In December, I watched some of jdah's videos (https://github.com/jdah/jdh-8) and started working on an 8-bit belt machine. I iterated on a few designs, and then decided to incorporate the stuff from earlier in the year into it. What's the point of an 8-bit architecture when fourteen of your sixteen instructions are two bytes anyway. So, I then iterated on some designs that resulted in what you are looking at now. I intend to improve the emulator until it is capable of a more reasonable experience. I think it's still worth showing at the point that it can print out "Hello, World!" and stop.

What is a belt machine?

What is a RISC machine? Bear with me: I have to agree with Karl Popper here that the best way to answer this question is to look at the problems that are trying to be solved. RISC was developed as a response to overly-complicated "CISC" ISAs. So, they were going to make computers cheaper by making instructions easy to decode. RISC made processor instructions that were trivial for hardware to decode. And the difficulties associated with using those simpler instructions would be swept under the rug by better compilers.

The thing is, with modern hardware, instruction decode isn't that much of a bottleneck. Modern processors are dominated by one thing: determining which instruction to execute next. To be clearer: a program is a sequence of instructions, and we can number each instruction: the hard part in processors today is figuring out what the number of the instruction to execute next is. And there are sub-problems related with this: branch prediction, does an instruction tell me to jump to some other number instead of the next number; and dependency management, does this instruction have all of the data it needs to execute. The second question only makes sense when you realize that modern computers will look several instructions ahead and execute the instructions that it can before they are supposed to be (something that adds to the dependency problem, and something that can only be done because instruction decode isn't that serious of a problem).

The individuals at Mill Computing were looking at that problem when they devised the belt machine.
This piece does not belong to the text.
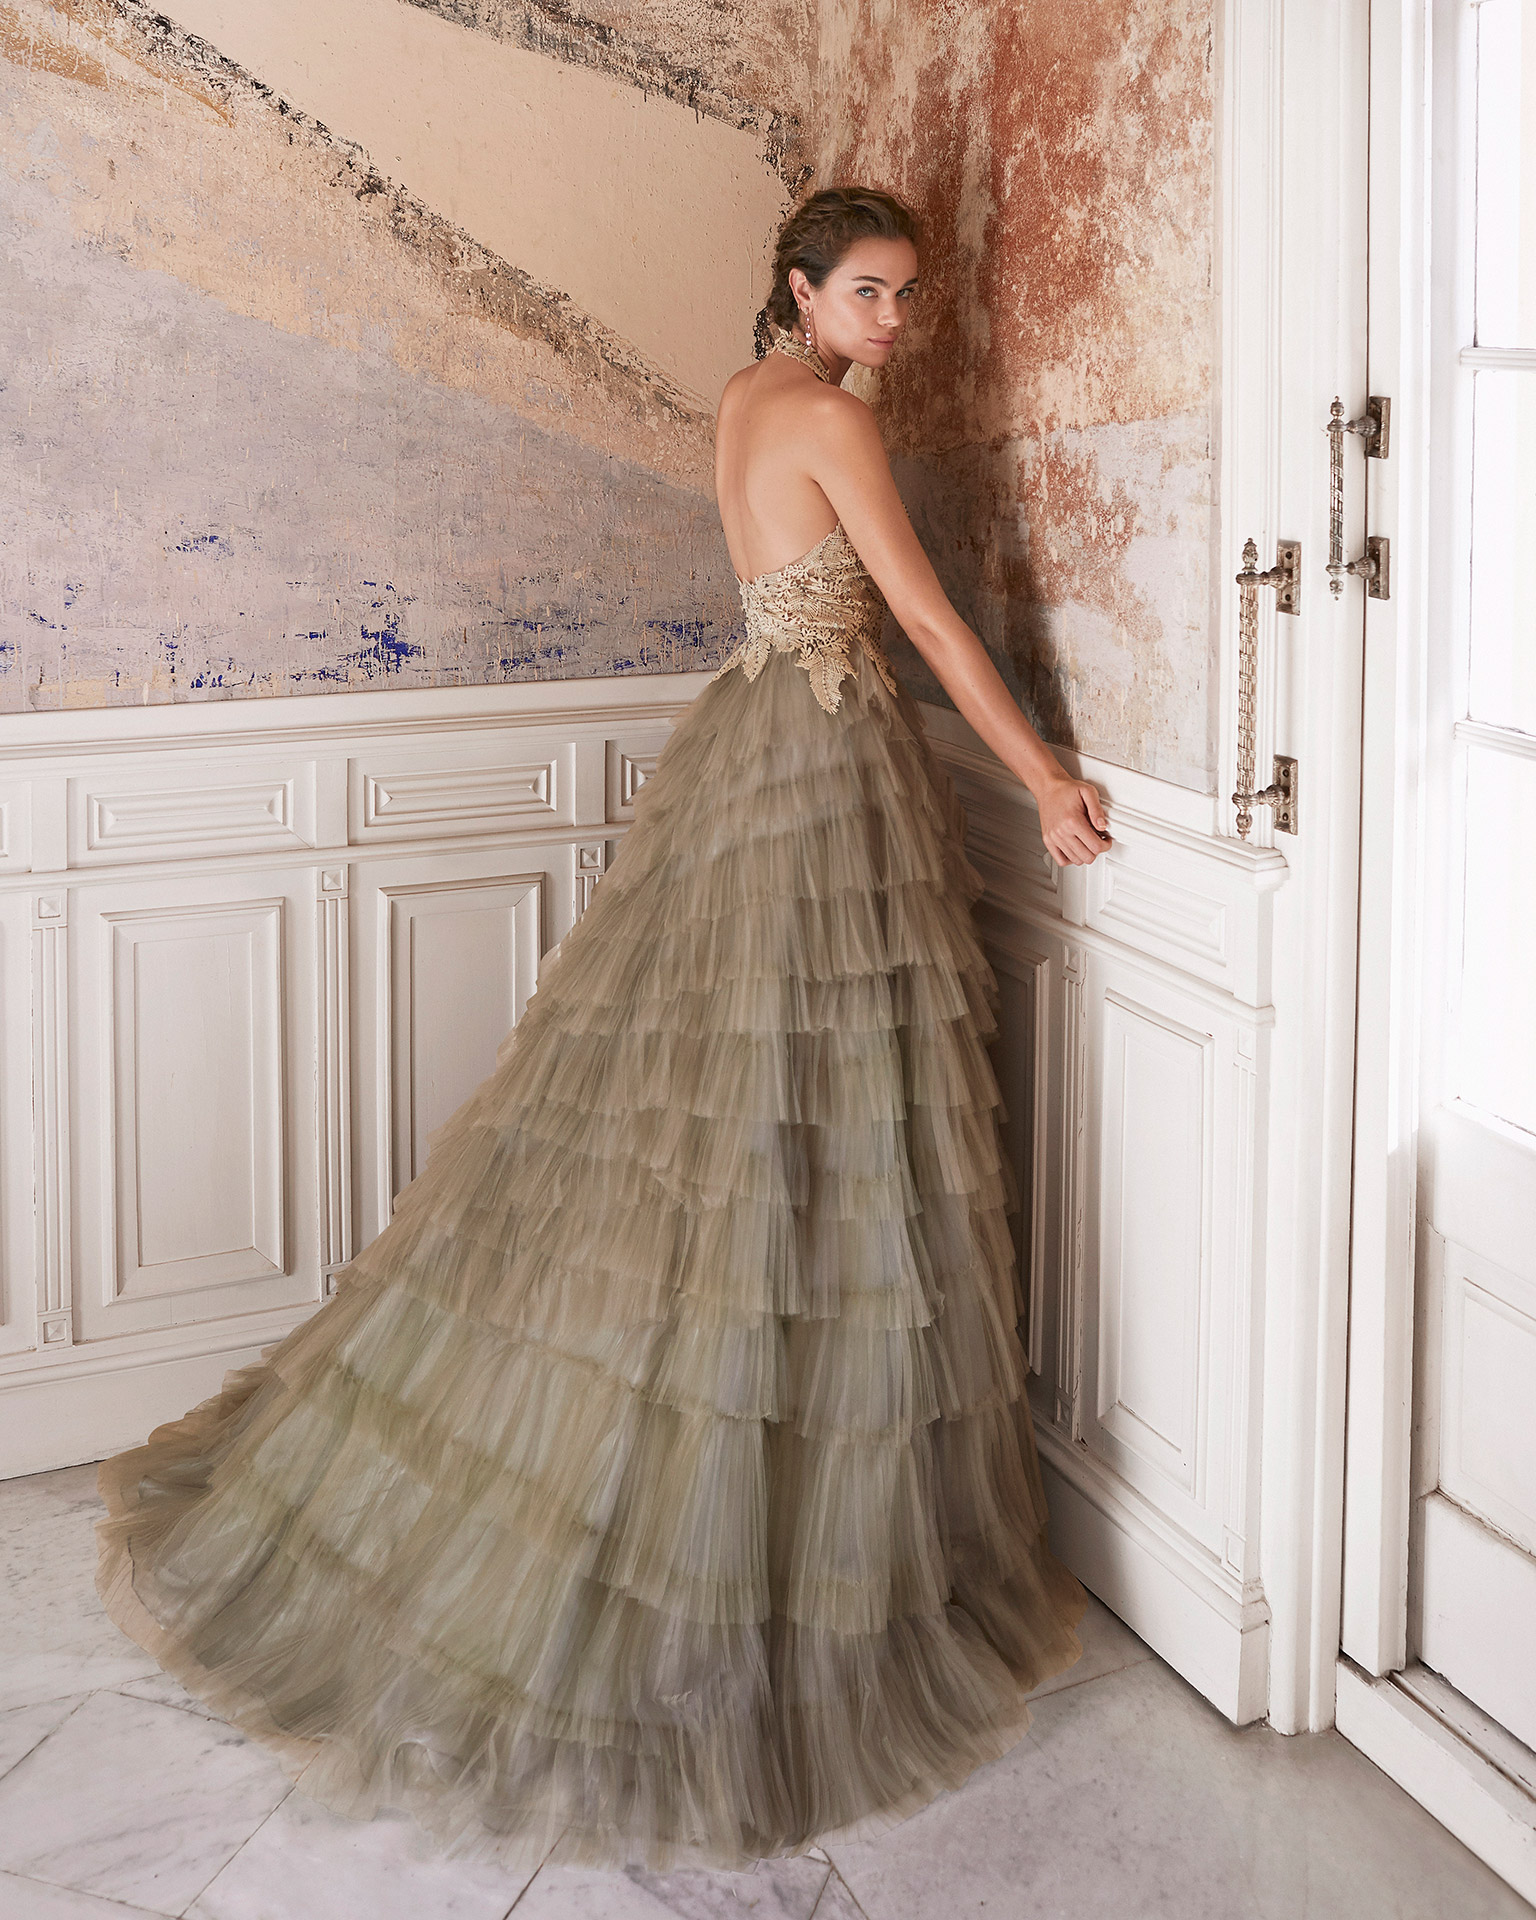 Cocktail dress in tulle with lace bodice. Deep-plunge V-neckline and low back. With shawl. 2021 MARFIL BARCELONA Collection.

They expose how long it takes to run instructions so that the compiler can know when the dependent data will be present in the result stream (the belt) and can insert an instruction that depends on that result. In addition, the compiler knows and can output all of the simultaneous instructions that the processor can begin in any cycle. (And the difficulties associated with using these instructions will be swept under the rug by better compilers.)

So, just as RISC processors moved complicated sequences of instructions from processors to compilers, belt processors move complicated data dependency from processors to compilers. The Mill computer processor will also address that branch prediction problem, in its own way (but I'm not going to make any use of how they do so: address does not mean solve).

The Processor

It's a 16 bit RISC-belt processor. The RISC design is for simplicity in decoding, and the belt design allows me to save instruction bits by not having to encode a destination. It has nine instructions, but it's more like forty-six. Some goals: memory-mapped IO, no stack (but able to implement one), no flags register (and no flags bits in the belt), position-independent code (it didn't start like that, but the segmentation of the memory map makes it a good idea), and binary-coded decimal instructions.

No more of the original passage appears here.